Data processing apparatus and method for protecting secure data and program code from insecure access when switching between secure and less secure domains

摘要

A data processing apparatus and method are provided for processing data. The data processing apparatus includes a processing circuit for executing a data processing operation in response to a program code, and a data store for storing data. The data store includes a safe area and a more secure data store. A plurality of regions including a low region. The secure area is configured to store sensitive data that is accessible by the processing circuit when operating in the secure domain and not accessible by the processing circuit when operating in the less secure domain. The data store also comprises a plurality of stacks including a secure stack in a secure area. The processing circuit includes a stack access circuit configured to store a predetermined processing state in the secure stack in response to an event that requires a transition from a secure domain to a less secure domain.
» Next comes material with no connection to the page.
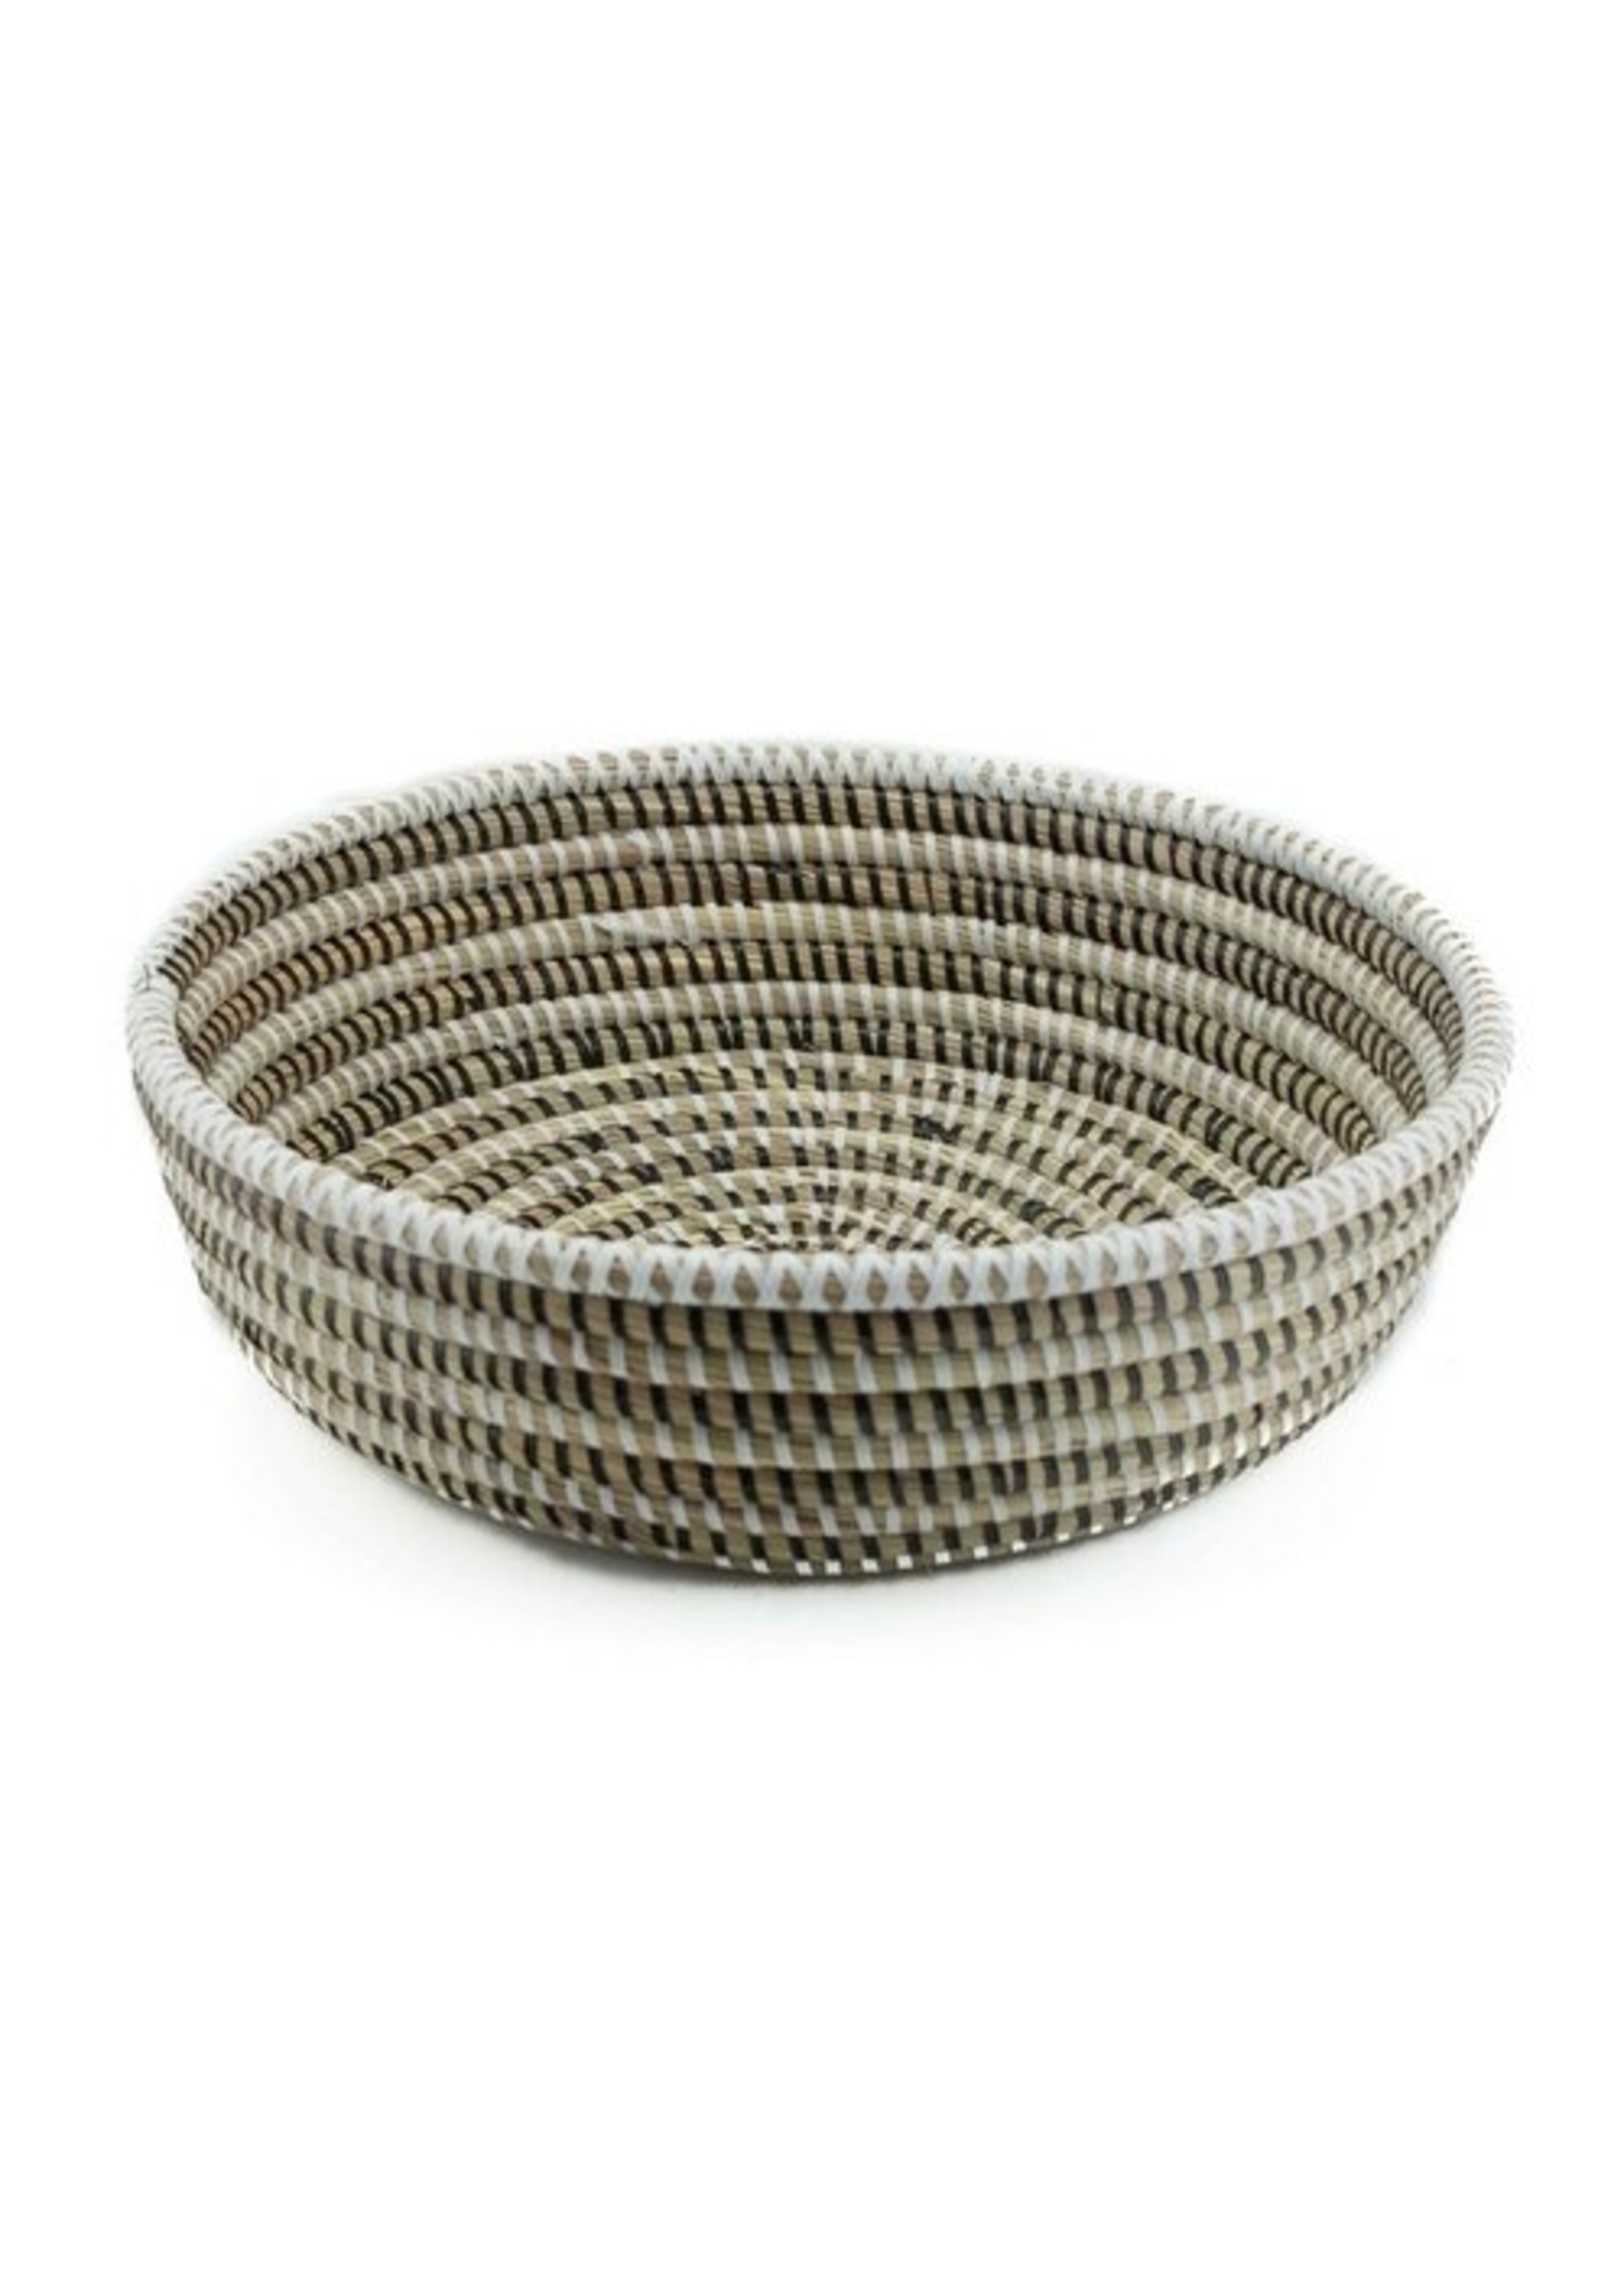 Baskets, Beads & Basics Rieten schaal zwart wit multi D30x8cm

Specifically, if the event is a first type event, the predetermined processing state stored by the stack access circuit is at least one return address stored at a predetermined relative location in the secure stack. Prepare. Conversely, if the event is a second event type, the predetermined processing state stored by the stack access circuit includes at least one first value stored at a predetermined relative position, The value of is not a valid address for program code. When the processing circuit receives a return of the first event type from the less secure domain to the secure domain, the processing circuit receives a first fault if the data stored at the predetermined relative position is the first value. It further comprises a fault check circuit configured to identify the condition. Such an approach provides protection against attacks from less secure domains that attempt to use a false return method, for example, performing a function call return from an exception, or an exception return from a function call.